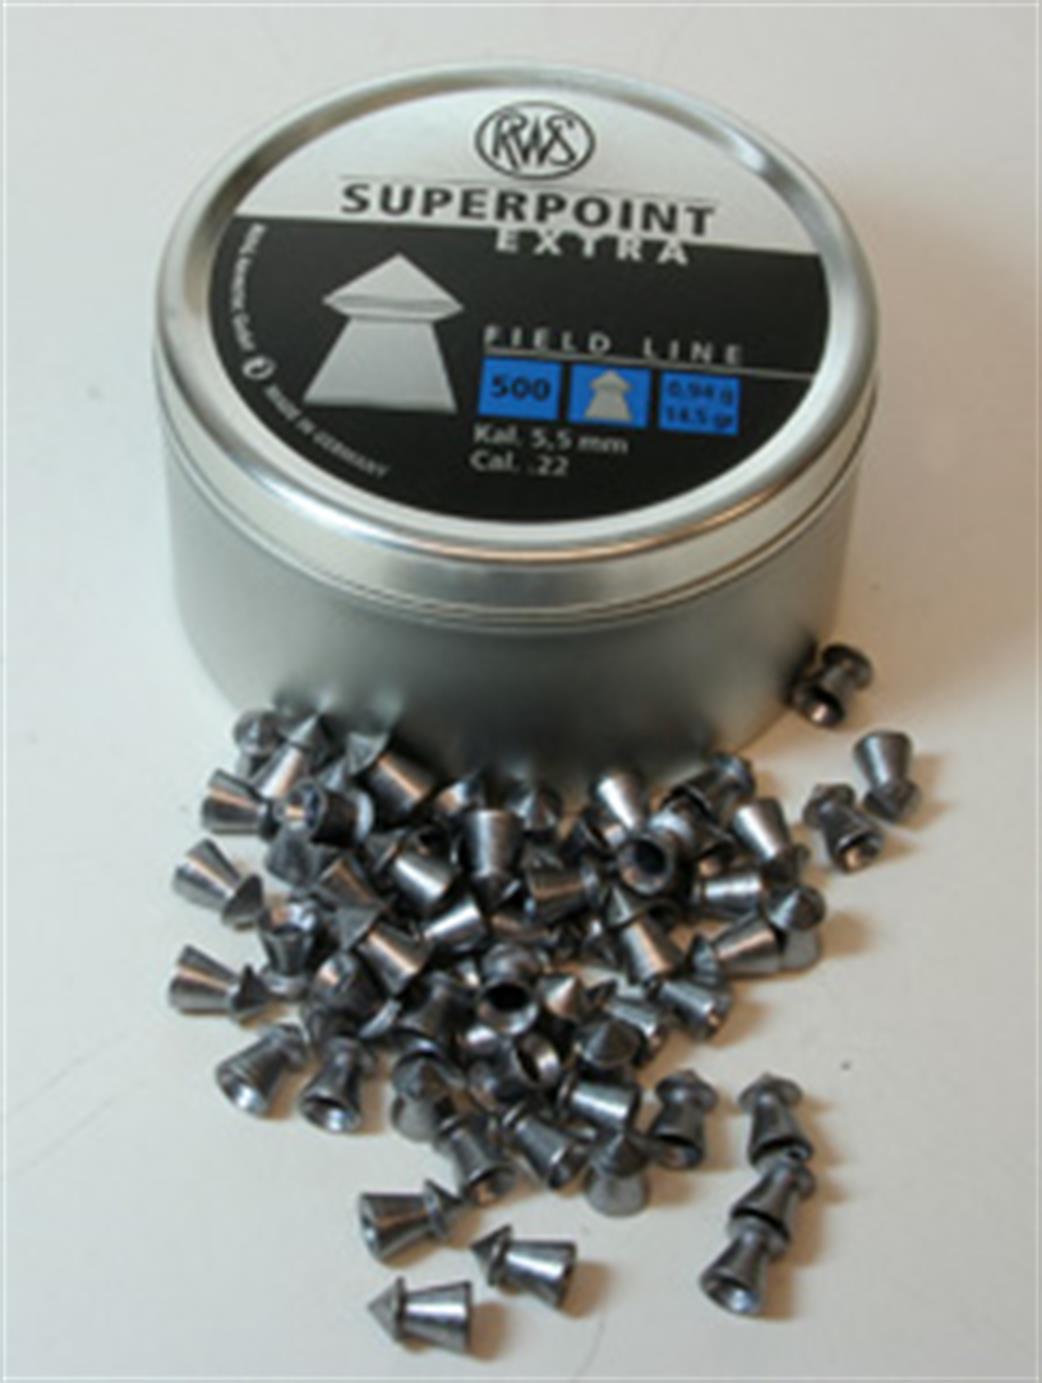 RWS  2136724 0.22 Superpoint Extra Pellets tin of 500
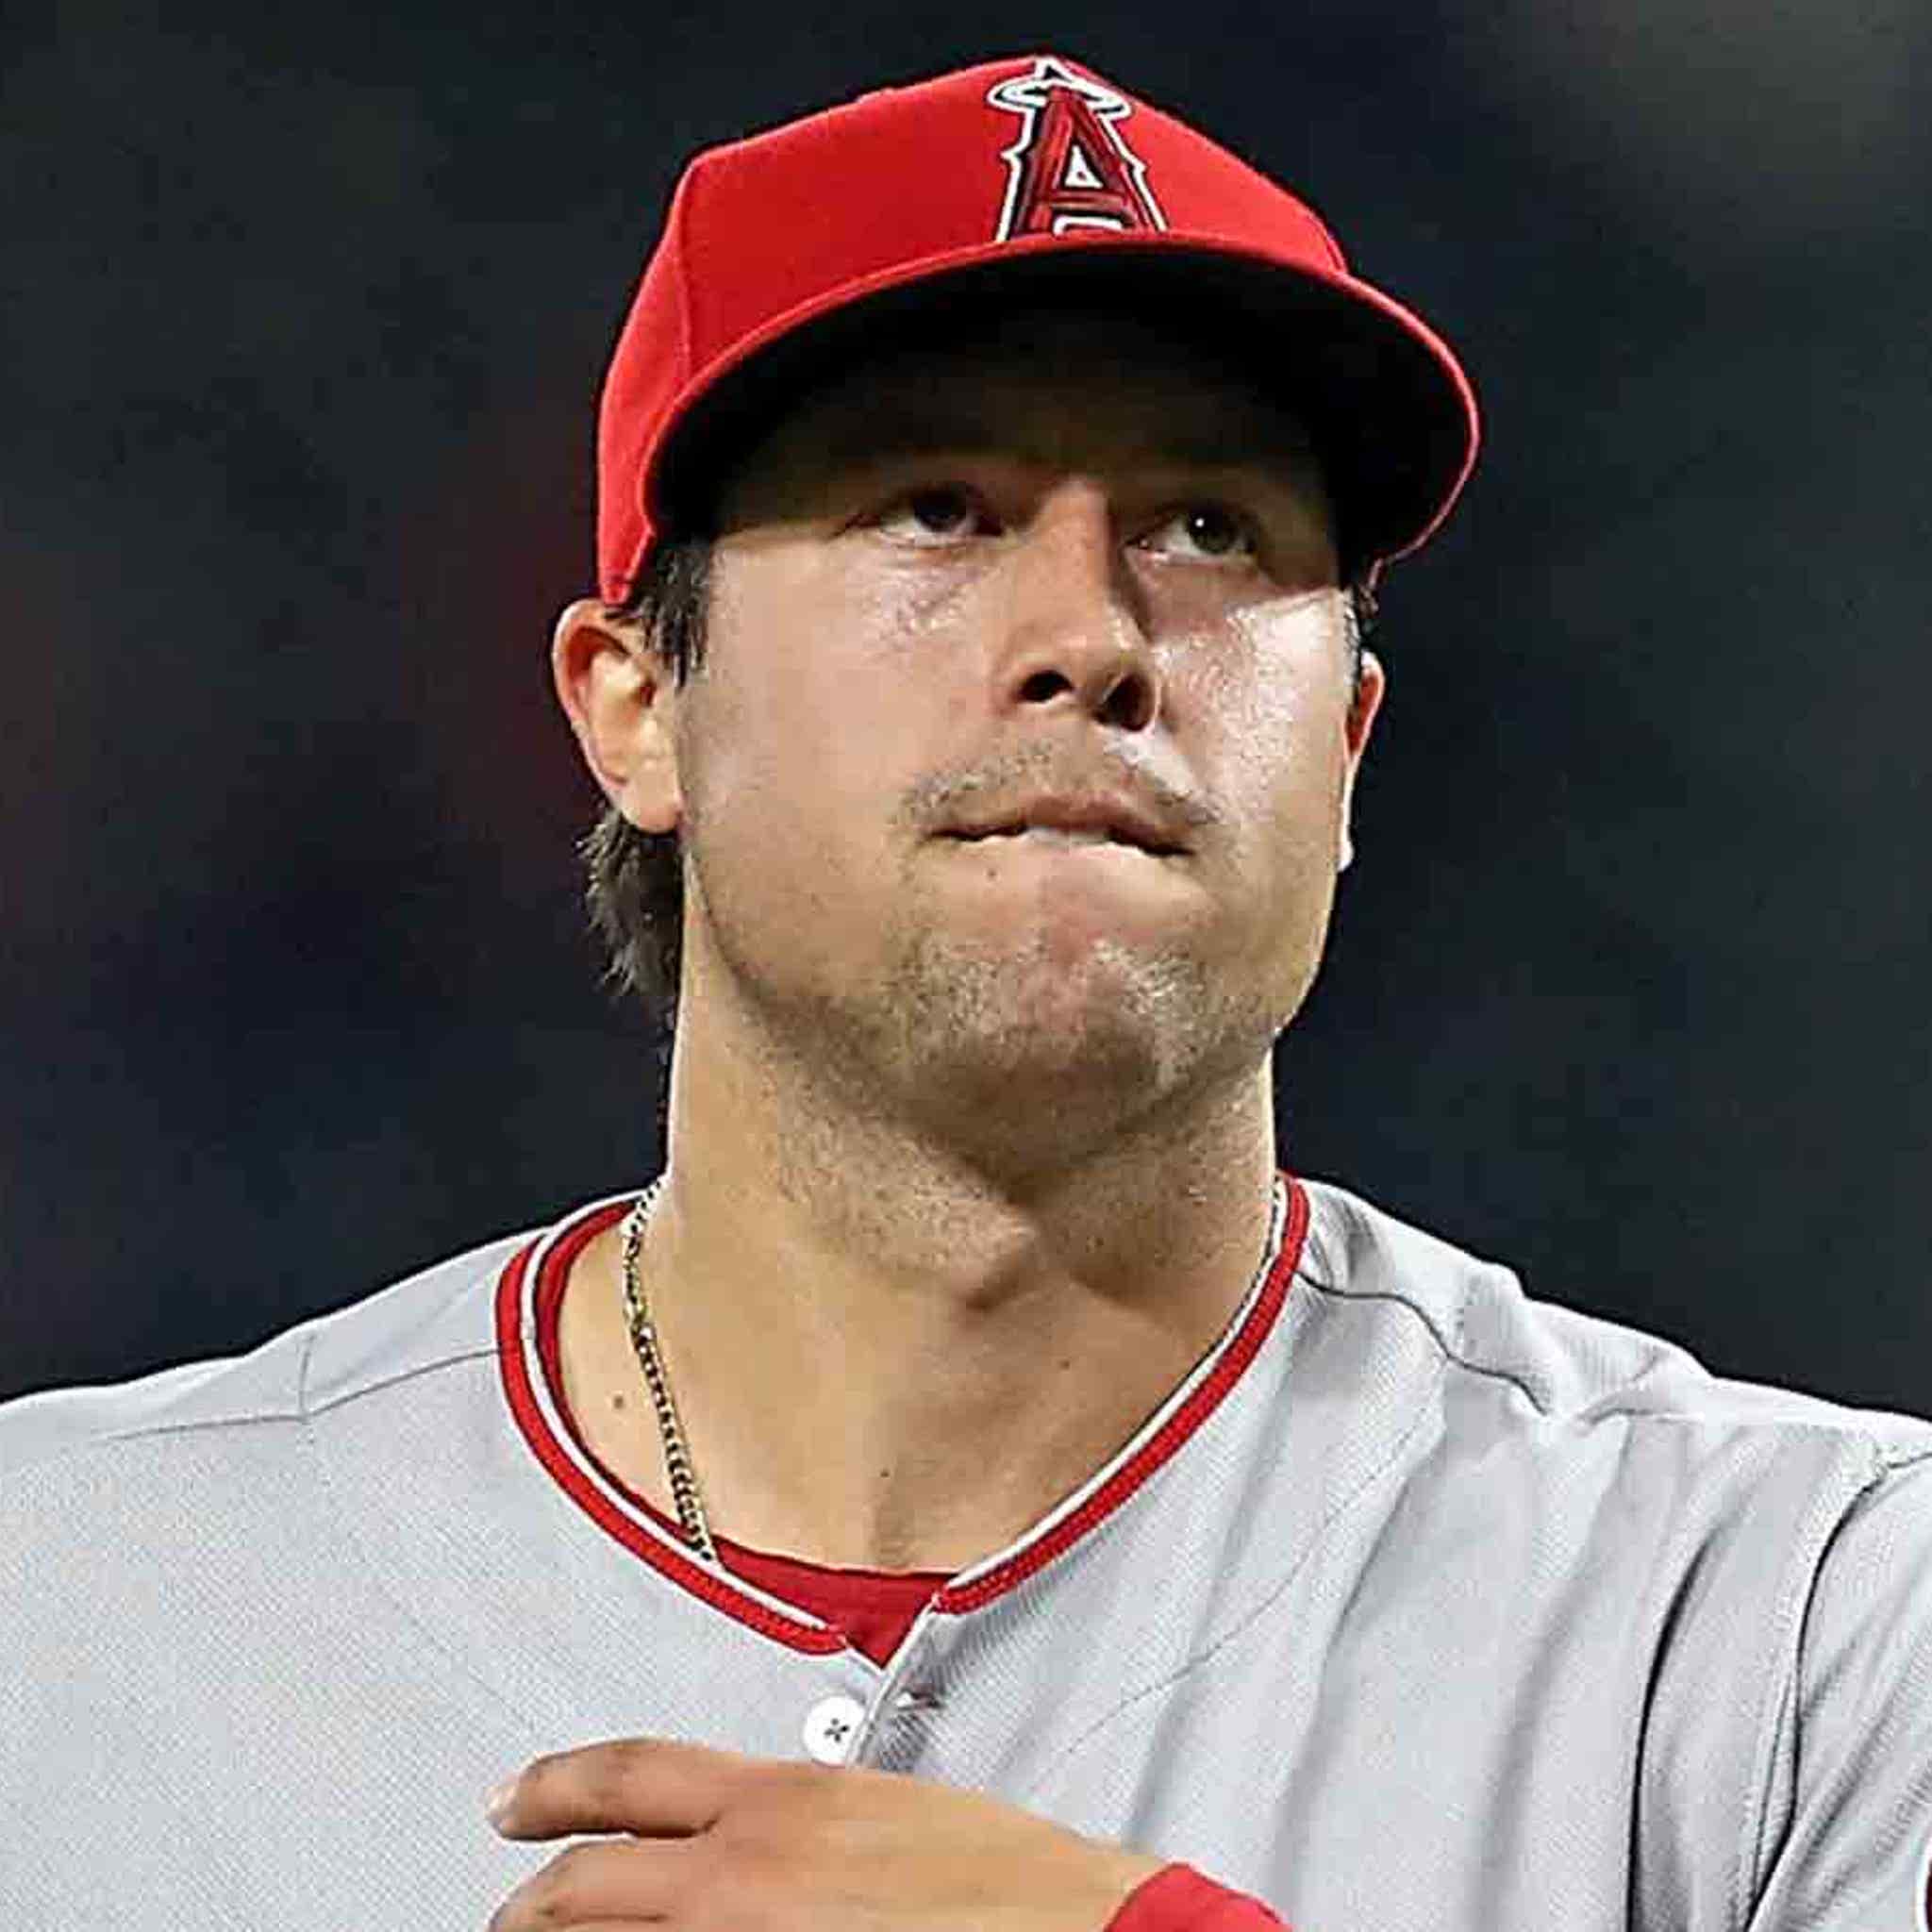 Tyler Skaggs Funeral Set for Today, Angels Expected to Attend
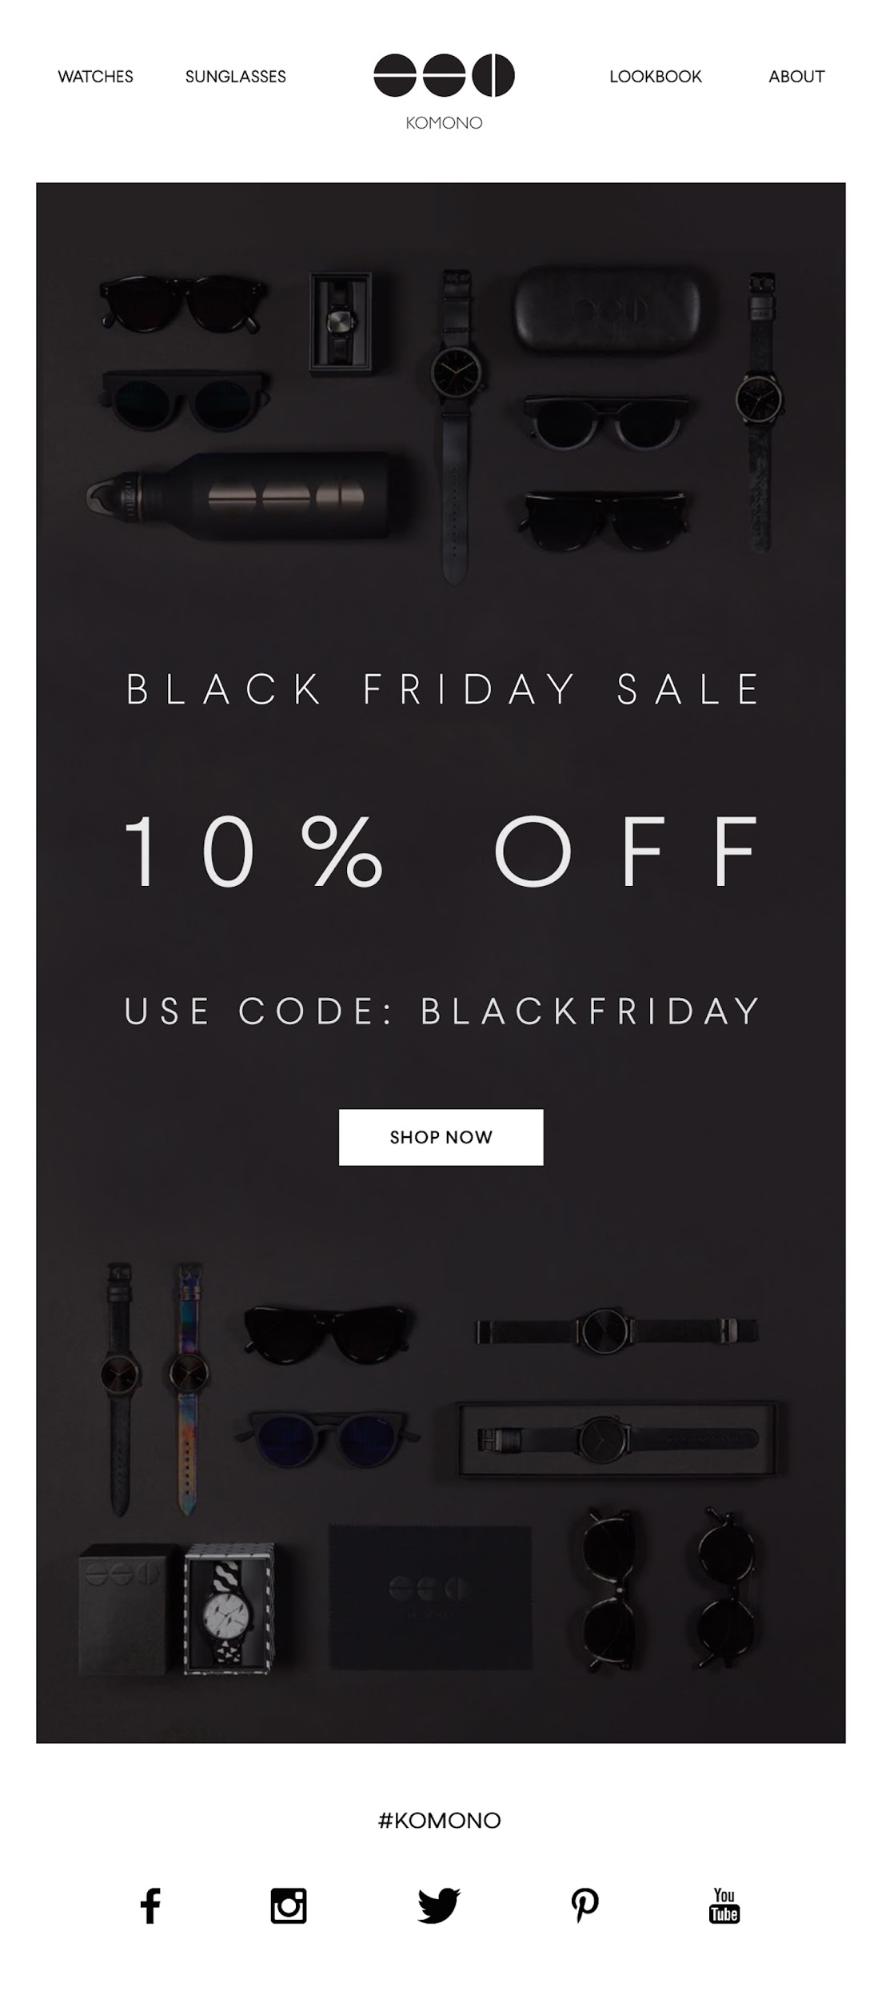 Successful Marketing Campaigns: Black Friday email campaign
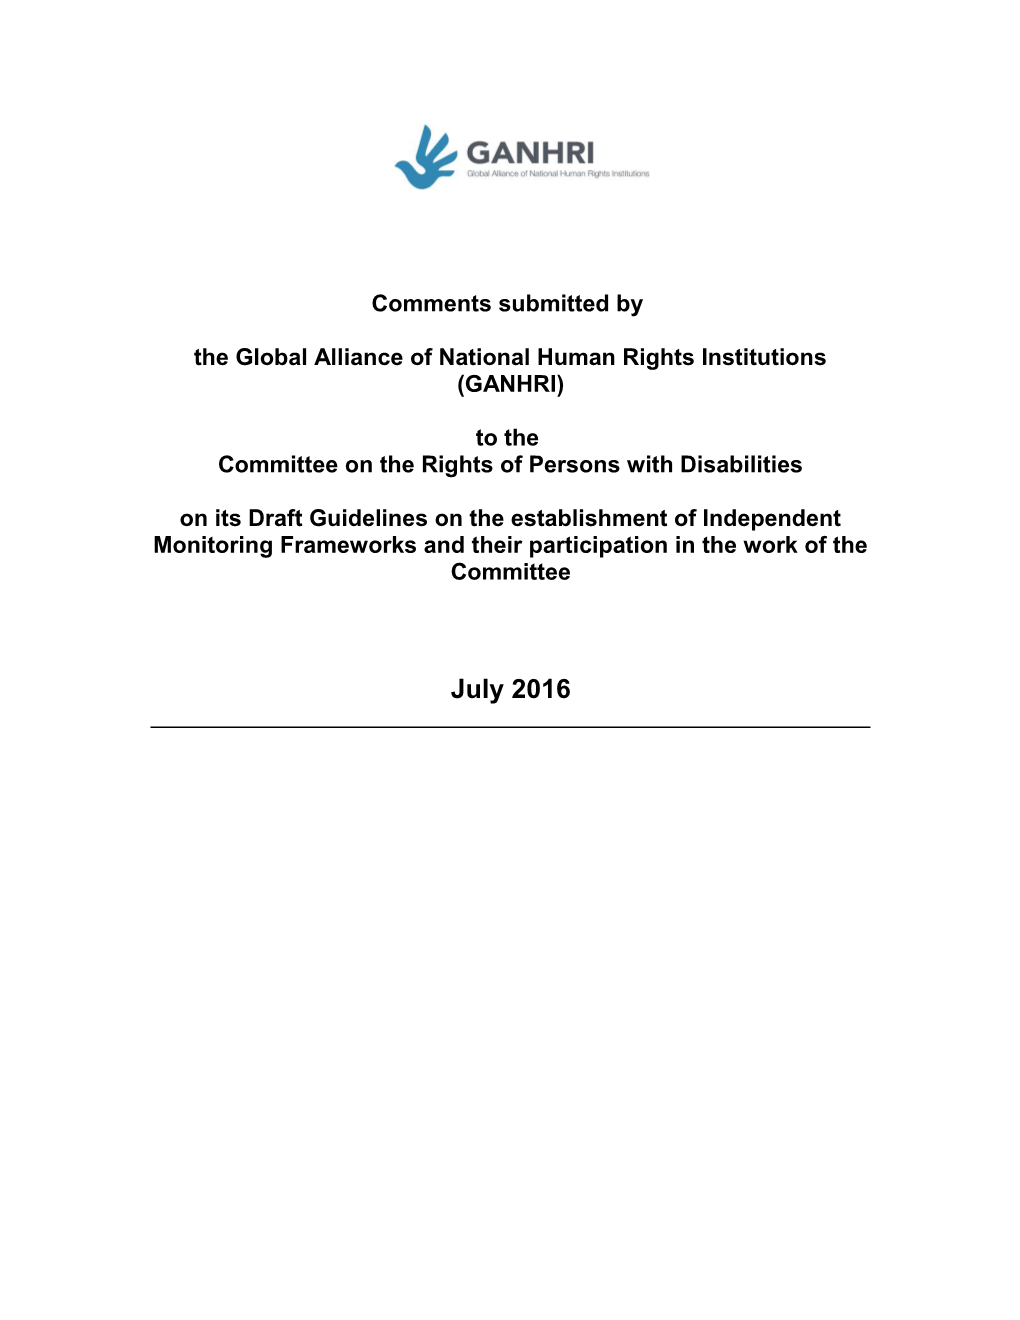 The Global Alliance of National Human Rights Institutions (GANHRI)

------------------------------

[Problem statement]
Output the data above in full. Skip every picture.

[Solution to this exercise]
 RWS  2136724 0.22 Superpoint Extra Pellets tin of 500
 Tyler Skaggs Funeral Set for Today, Angels Expected to Attend
 Successful Marketing Campaigns: Black Friday email campaign
 The Global Alliance of National Human Rights Institutions (GANHRI)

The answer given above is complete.